Your reply should reproduce the data below without a single alteration, apart from dropping the images.

(Beginning of Dataset extract)

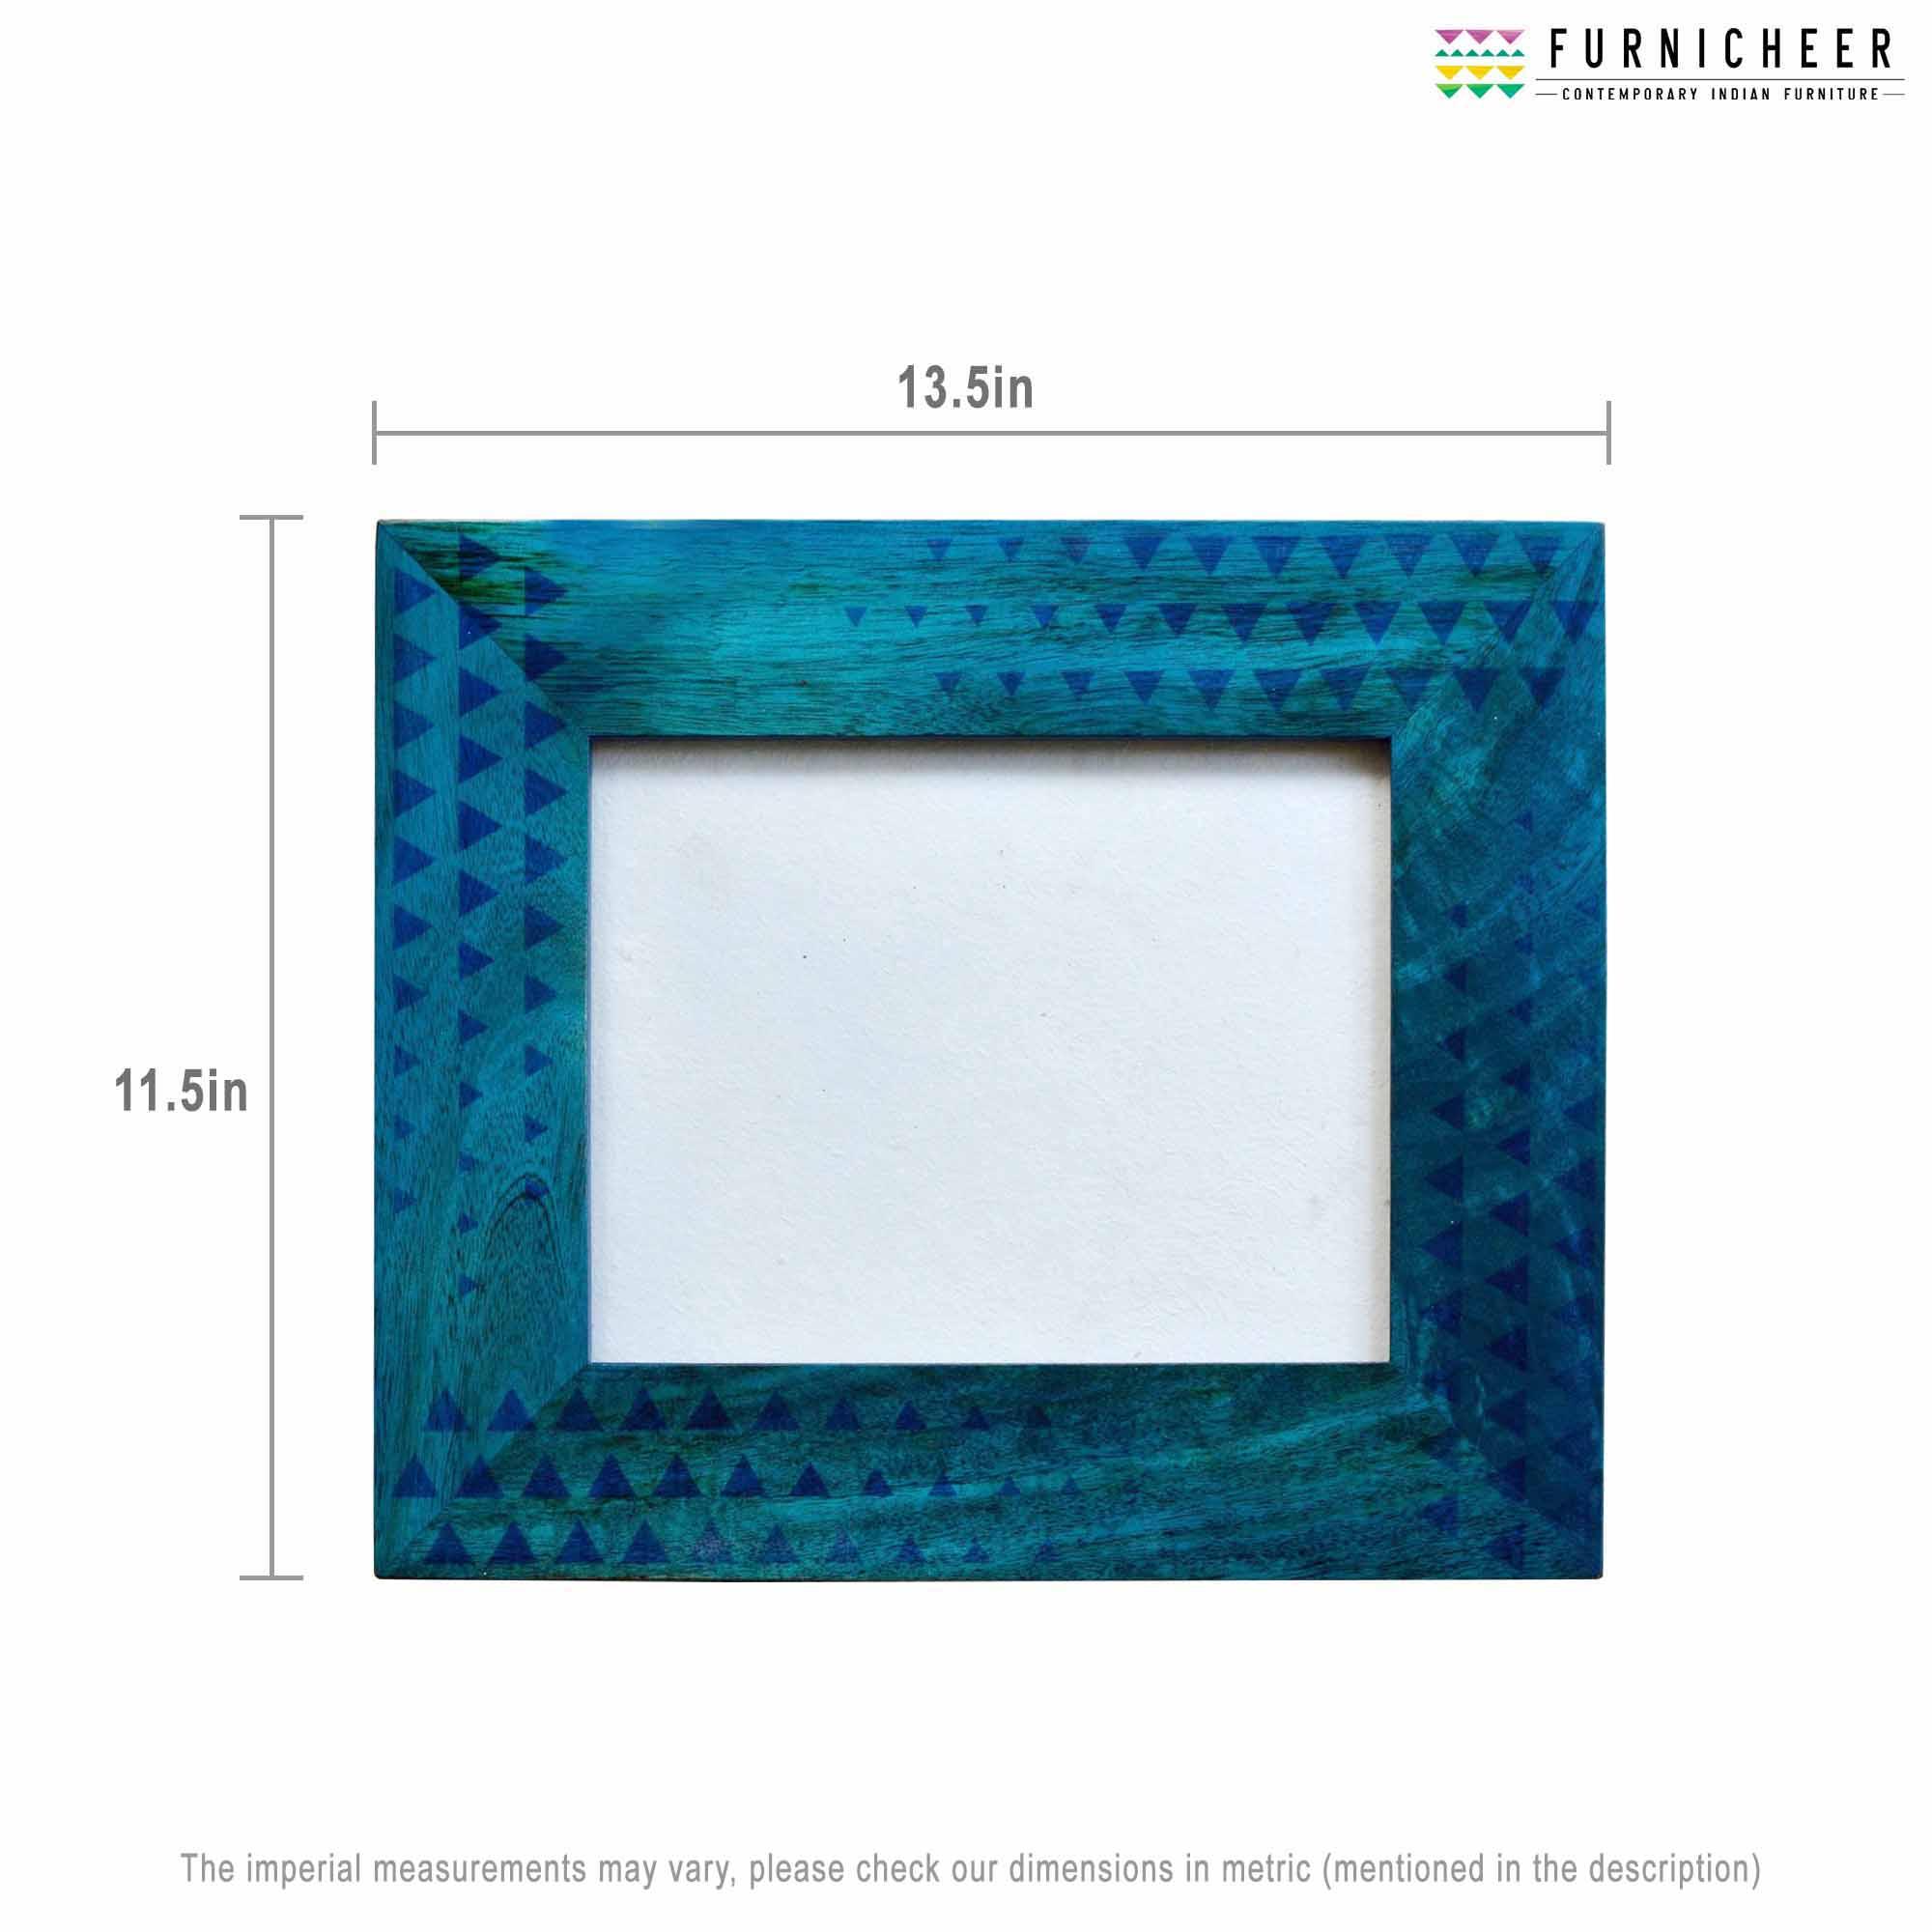 2.SERIGRAPH FRAME PFTM0026
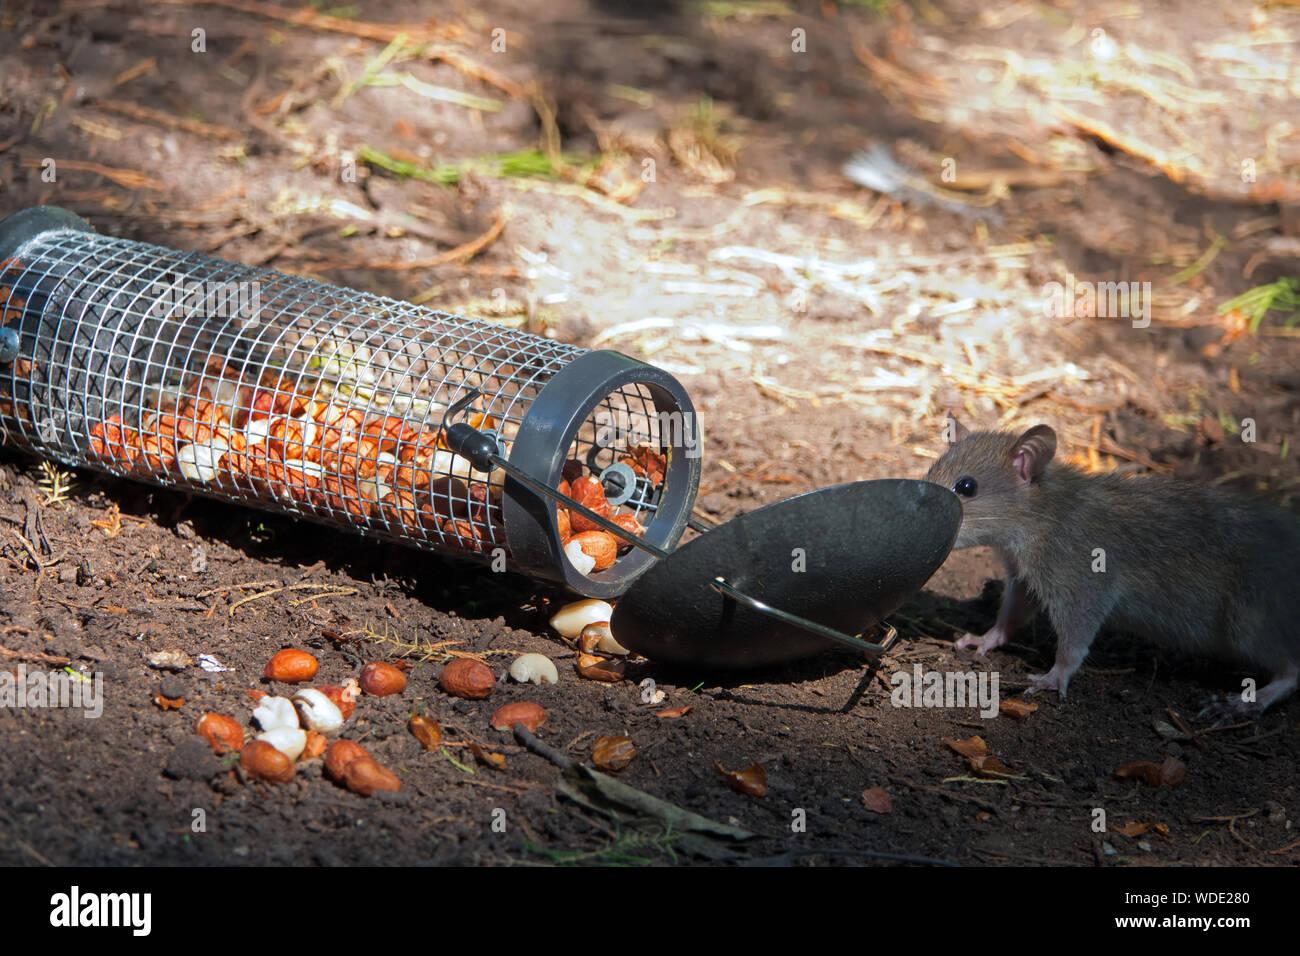 Bird Feeder Rat Stock Photos & Bird Feeder Rat Stock Images
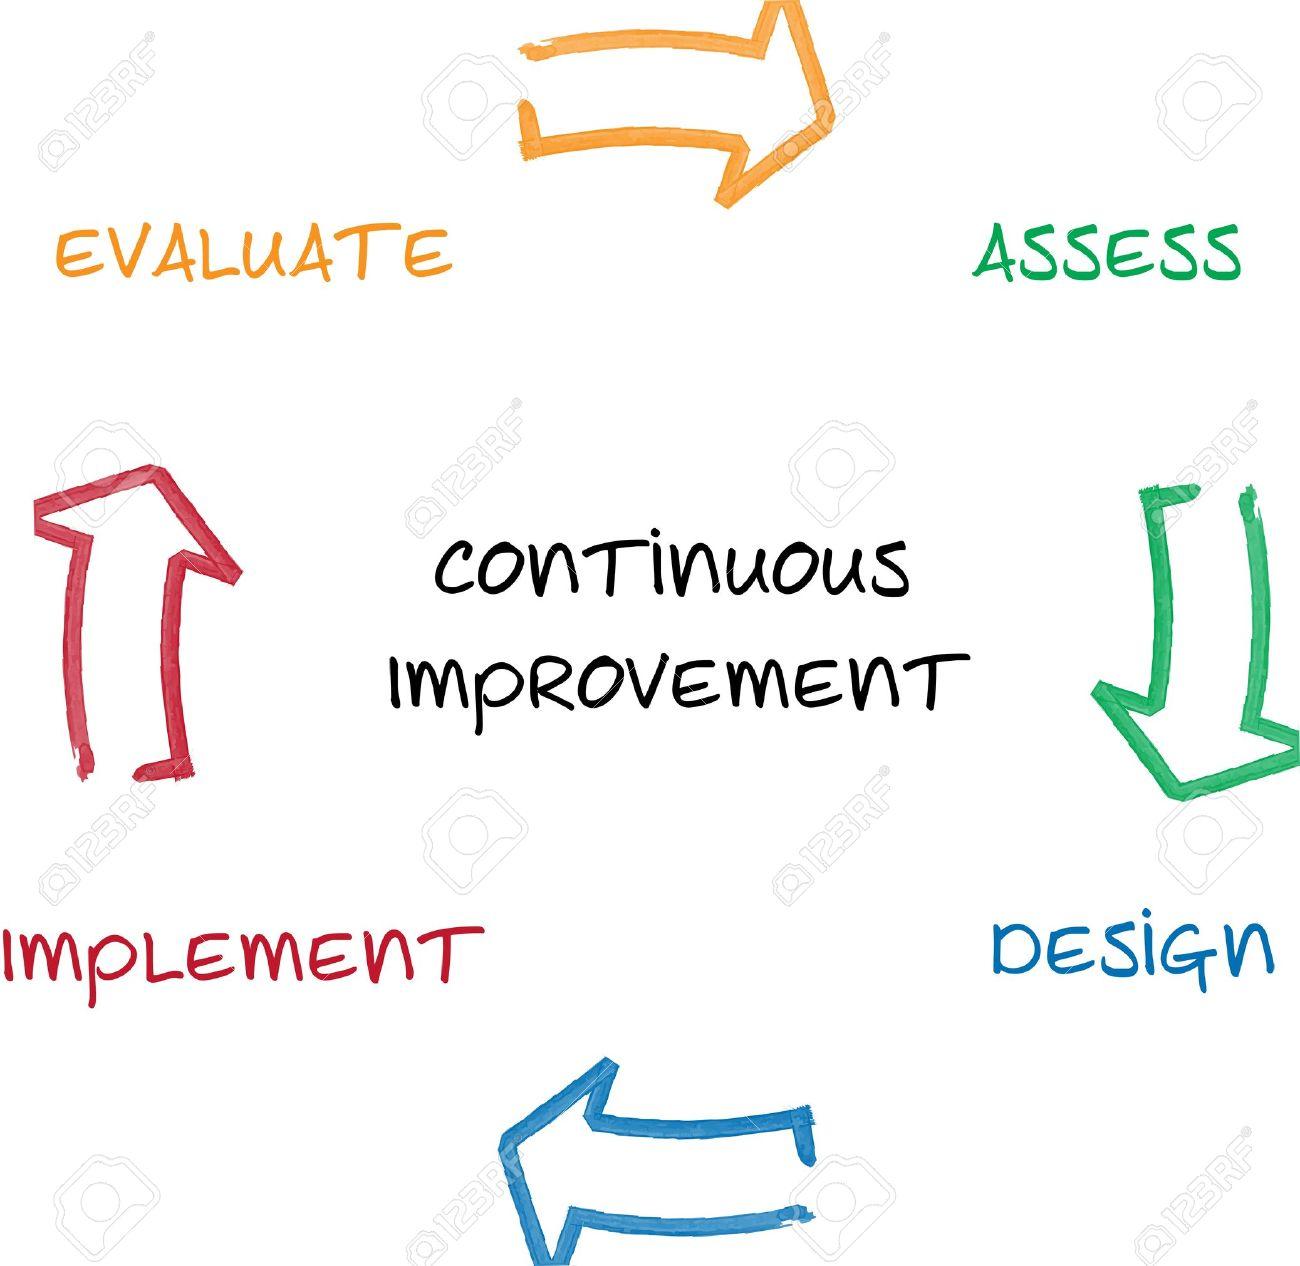 continuous improvement management business diagram whiteboard    illustration   continuous improvement management business diagram whiteboard chart illustration

(End of Dataset extract)

_Solution to the exercise_.
 2.SERIGRAPH FRAME PFTM0026
 Bird Feeder Rat Stock Photos & Bird Feeder Rat Stock Images
 continuous improvement management business diagram whiteboard    illustration   continuous improvement management business diagram whiteboard chart illustration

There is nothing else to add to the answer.